2016: Creation of Junior Enterprise USA, the American Confederation of Junior Enterprises.
2016: Creation of the Junior Enterprises Global Council, renamed Junior Enterprises Global in 2018
 2017: Creation of Unovator Junior Enterprise at the Claremont Colleges (Pomona College), California, US.
 2019: JADE is rebranded as JE Europe.

JE Europe
The Junior Enterprise Europe was created in 1992 under the name 'JADE - European Confederation of Junior Enterprises' in order to link all the national confederations of Junior Enterprises in Europe. The founding members were the Netherlands (FNJE), Portugal (JEP), Italy (https://juniorenterprises.it), Switzerland (USJE) and France (CNJE).

Today, the network counts 31.000 student members in fifteen countries, organised in around 280 Junior Enterprises. JE Europe coordinates Junior Initiatives all over Europe and fosters their development. Together with Brasil Junior, the Junior Enterprise Network in Brazil, JE Europe is one of the largest student networks in the world.

As the voice of the Junior Enterprise Movement and youth entrepreneurship in Europe, JE Europe's mission is to:
 Represent the European Junior Enterprise (JE) Movement
 Integrate the European Network of Junior Enterprises thus encouraging knowledge exchange and cooperation
 Support the development of our members (Confederations and Consultative Members)
 Foster the Junior Enterprise Concept to non-member countries
 Encourage entrepreneurship among students in higher Education through the Junior Enterprise Concept.

Based in Brussels, JE Europe works closely with the European Institutions, with international organisations (UNESCO, OECD, World Bank) to promote the importance of entrepreneurship education and youth entrepreneurship in young people, providing a valuable learning-by-doing experience and providing students with the skills they will need to be successful in the labour market.

JE Europe's work and recognitions 
The recognition and acceptance of the Junior Enterprise movement by politicians, public institutions and companies, confirms and proofs the concept of junior entrepreneurship:
 Junior Enterprise is an example of best practice for practical education and development under the Lisbon Strategy: governing strategy of EU in 2000-2010.  "Facilitate the development of Junior Enterprises" is a key priority for Education and Youth Framework of EU2020 –governing strategy of EU in 2010-2020.
 JE Europe is a best practice of an intermediary organisation that brings universities and businesses together under EU Oslo Agenda for Entrepreneurship Education. 
 JE Europe is in the Steering Board of UNESCO Youth Committee for Higher Education.
 JE Europe is a stakeholder consultant for the World Bank, the World Economic Forum and the EU.

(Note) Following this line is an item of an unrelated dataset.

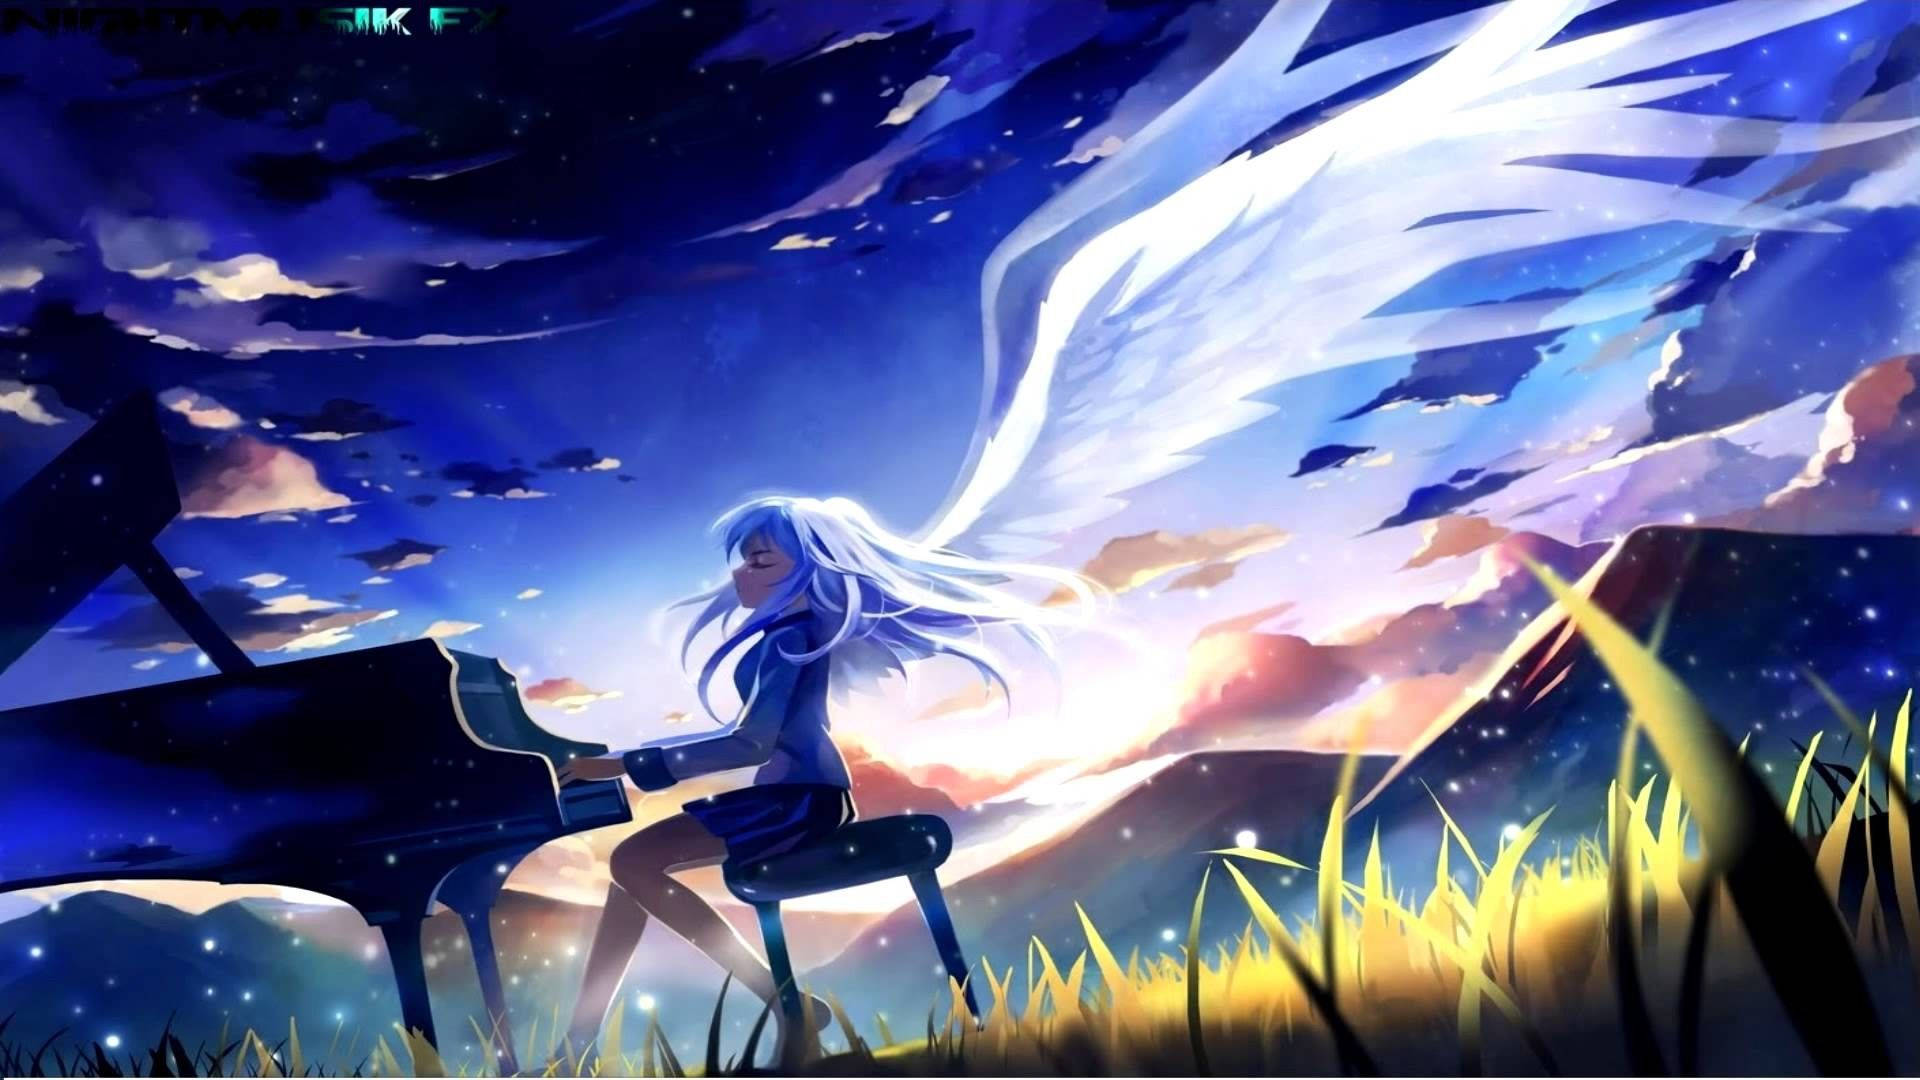 Cool Anime Girl With Wings

Impact on employment and entrepreneurship

Facts and Figures
Diverse studies carried out by JE Europe, the European Commission and other parties, prove that participation in a Junior Enterprisedramatically improves a student's career perspectives, employment and intentions towards entrepreneurship. 
 More than 60% of students who were part of a Junior Enterprise find a job before ending their studies.
 Former Junior Entrepreneurs have significantly better career start after university and continue to develop more successfully in the long-term than their peers' average without JE experience. 
 21% of the Junior Entrepreneurs end up starting their own business within the first 3 years after graduation, when the EU average is 4–8%.
 A study ("Effects and impact of entrepreneurship programmes in Higher Education") carried out by the European Commission (DG ENTR) on JE Europe Alumni, compared with normal students shows that:
 25% of JE Europe Alumni indicate that it is (very) likely for them to start their own business within the next ten years; compared to 16% of other students that have taken entrepreneurial education formal courses and to 10% of students who have not received any kind of entrepreneurship education; 
 78% of JE Europe Alumni find a job right after graduation; compared to 66% of other students that have taken entrepreneurial education courses and to 59% of students who have not received any kind of entrepreneurship education

Brasil Júnior - Brazilian Confederation of Junior Enterprises
Brasil Junior is the world's biggest junior enterprise confederation, composed by more than 1335 confederated junior enterprises and more than 22,000 junior entrepreneurs. It has as purpose to represent the junior enterprises nationwide and develop the Junior Enterprise Movement as an agent of business education and generation of new business. It is currently formed by 19 state federations.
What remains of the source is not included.